Agustus segera berlalu. Kemudian berganti pada September dan please 'wake me up when September ends'. Begitu cepat ku rasa bulan ini berlalu. Barangkali ada sejuta asa dan langkah-langkah baru yang membuat bulan Agustus 2014 ini berbeda. Hal hal baru yang membuat suka dan duka beradu dalam peraduan jiwa. Esok kan datang bersama gegap gempita malam yang berbaris rapi menghadapi pagi. begini:
Keberhasilan tak selamanya membut semua orang bahagia. Tidak. Keberhasilan yang aku maksud adalah capaian-capaian positif dan kemenangan. Memang sudah menjadi fitrahnya bahwa kemenangan membawa suka dan duka beradu. Seperti yang ku rasa di bulan Agustus ini. Ramadhan tahun ini dan Syawal adalah milestone untuk perjalanan pencapaianku. Tepat selepas Syawal, kepastianku berangkat menuju Korea aku dapatkan untuk mewakili Indonesia dalah rekonsiliasi sejarah di Asia Timur pada khususnya. Tidak lama setelah pengumuman itu, pengumuman lain dari Kemlu RI aku dapatkan untuk berangkat ke Bali pada acara UNAOC ke-6. Hanya berselang tiga hari sepulangku dari Korea, aku harus ke Bali.

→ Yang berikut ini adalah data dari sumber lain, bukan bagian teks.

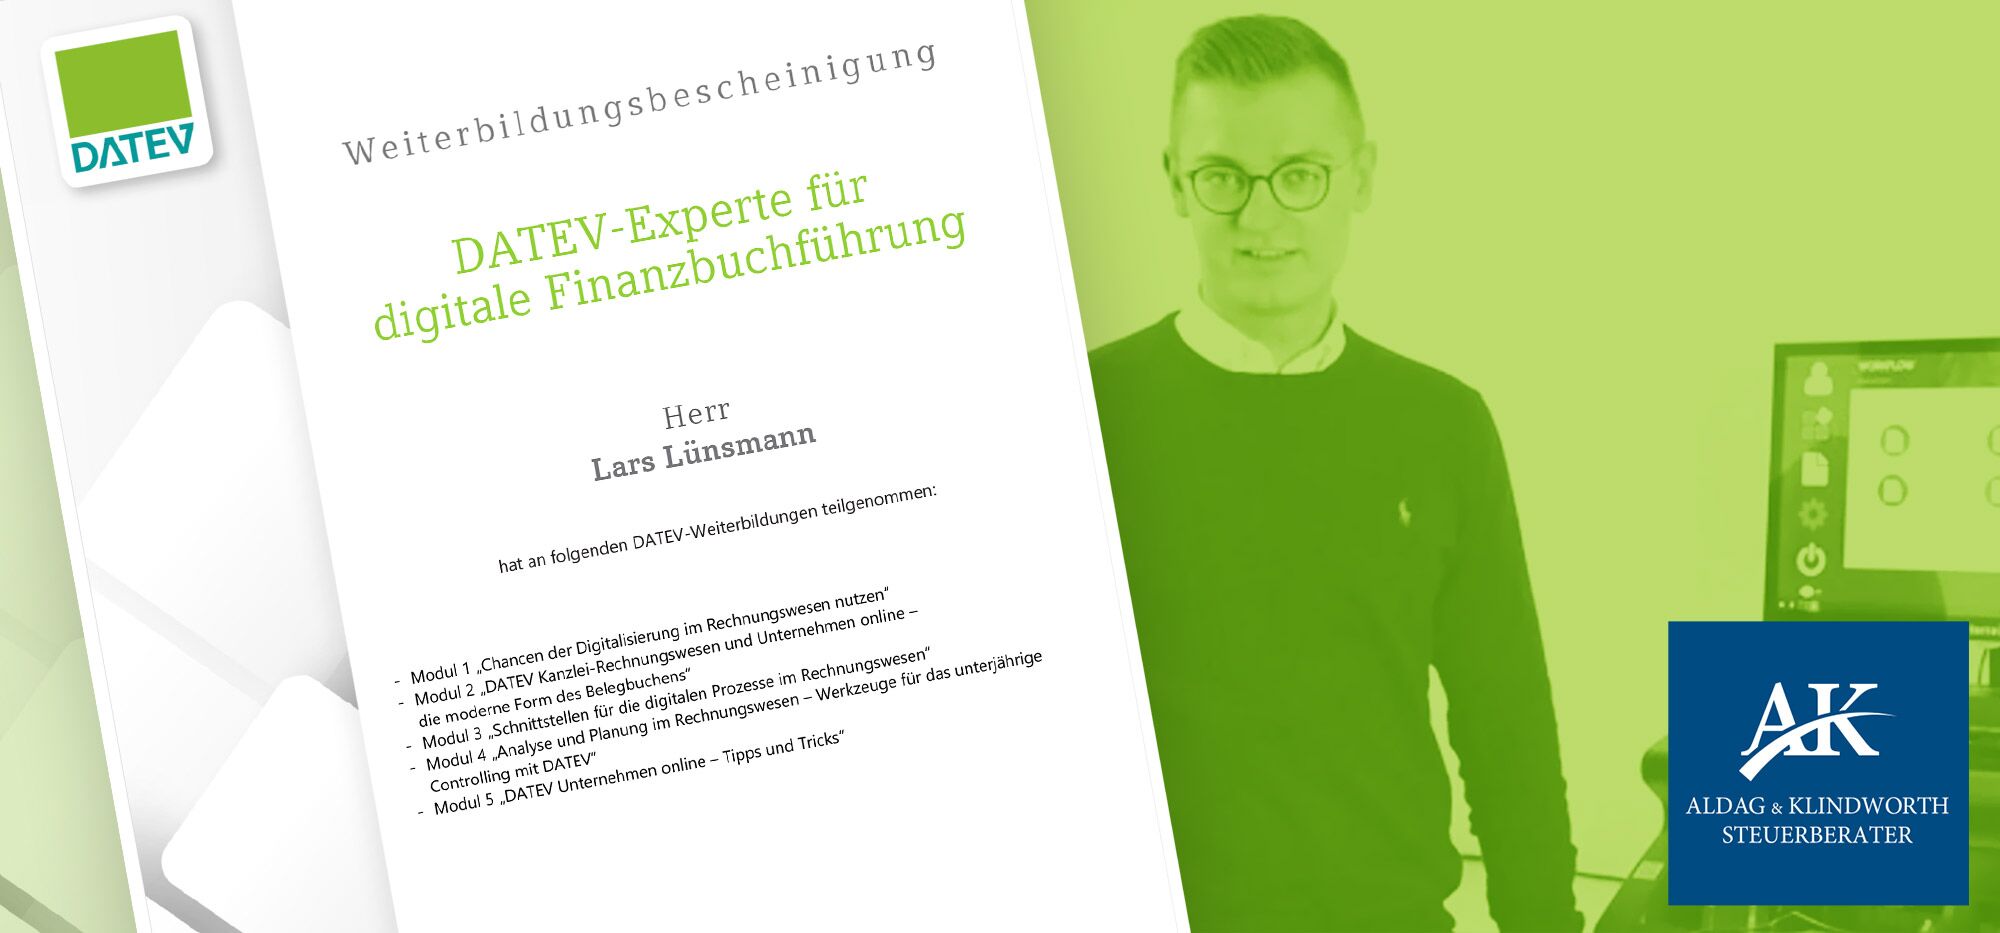 Aldag & Klindworth Steuerberater– DATEV-Experte für digitale Finanzbuchführung.

Dan yang lebih penting dari itu semua adalah tanggal 24 Agustus 2014 (24-08-2014), yakni disela-sela dua agenda internasional itu, ku khitbah wanitaku sebagai wujud tanggungjawabku. Ya, ini komitmenku padanya dan kewajibanku atas segenap nikmat-nikmatNya. Tak ada niatan buruk atau neko-neko. Hanya ingin aku meneladani MUhammad SAW atas ridhoNya, mendapatkan ridhoNya, dan mewariskan generasi muslim yang lebih kuat atas ridhoNya. Alhamdulillah semua lancar. 

Meski begitu, tidak semua orang di sekitarku merasa kebahagiaan itu adalah milik mereka. Padahal telah ku niatkan bahwa segenap capaianku adalah pemberianku untuk keluarga dan persembahanku untuk Allah SWT. Tampaknya cara pandang tiap tiap manusia berbeda. Sungguh aku tak mampu menguasai sejengkalpun akal manusia lain secarca konsisten. Engkau yang lebih berkuasa, Allah. 

Maka semoga, Kau sudi mengabarkan kepada mereka apa yang aku pikirkan. Tidak ada niatan untuk saling menjatuhkan, mengalahkan, menjelekan, atau hal buruk lain. Kalaupun hendak ber-fastabiqul khairat, lets do that fairly. 

Dan tidak hanya hadir dari orang lain. Dari dalam diri ku sendiri pun masih menyisakan duka. Pandanganku tentang foreigner masih menancap tajam. Dan orang orang kita yang terpengaruh oleh budaya luar tanpa adaptasi. Semalam, dalam kelengahanku dan lelahku bersepeda, mereka bawa aku ketempat yang tak pernah aku kunjungi, bar! Waiters langsung saja menyuguhkan secangkir minuman yang aku kira itu adalah jus buah. tetapi ternyata alkohol. Sempat aku meneguknya sekali. Dan sedikit ku muntahkan (Semoga Kau ampuni kobodohanku ini Allah). Rasanya sangat menusuk di lidah.

Malam sebelumnya, pesta dansa dan dugem hingga larut malam. meneguk botol botol air yang tak pernah sejengkalpun aku menyentuhnya. Mereka bilang, itu adalah kenikmatan. Tetapi aku bilang itu adalah keburukan. ini pertama kalinya aku mengenal dan menyimak secara langsung yang disebut dugem. Dan aku bersyukur, tak sedetikpun dalam hari hariku sebelumnya untuk mengikuti hal itu. Pun saat ini, aku hanya menyimak. 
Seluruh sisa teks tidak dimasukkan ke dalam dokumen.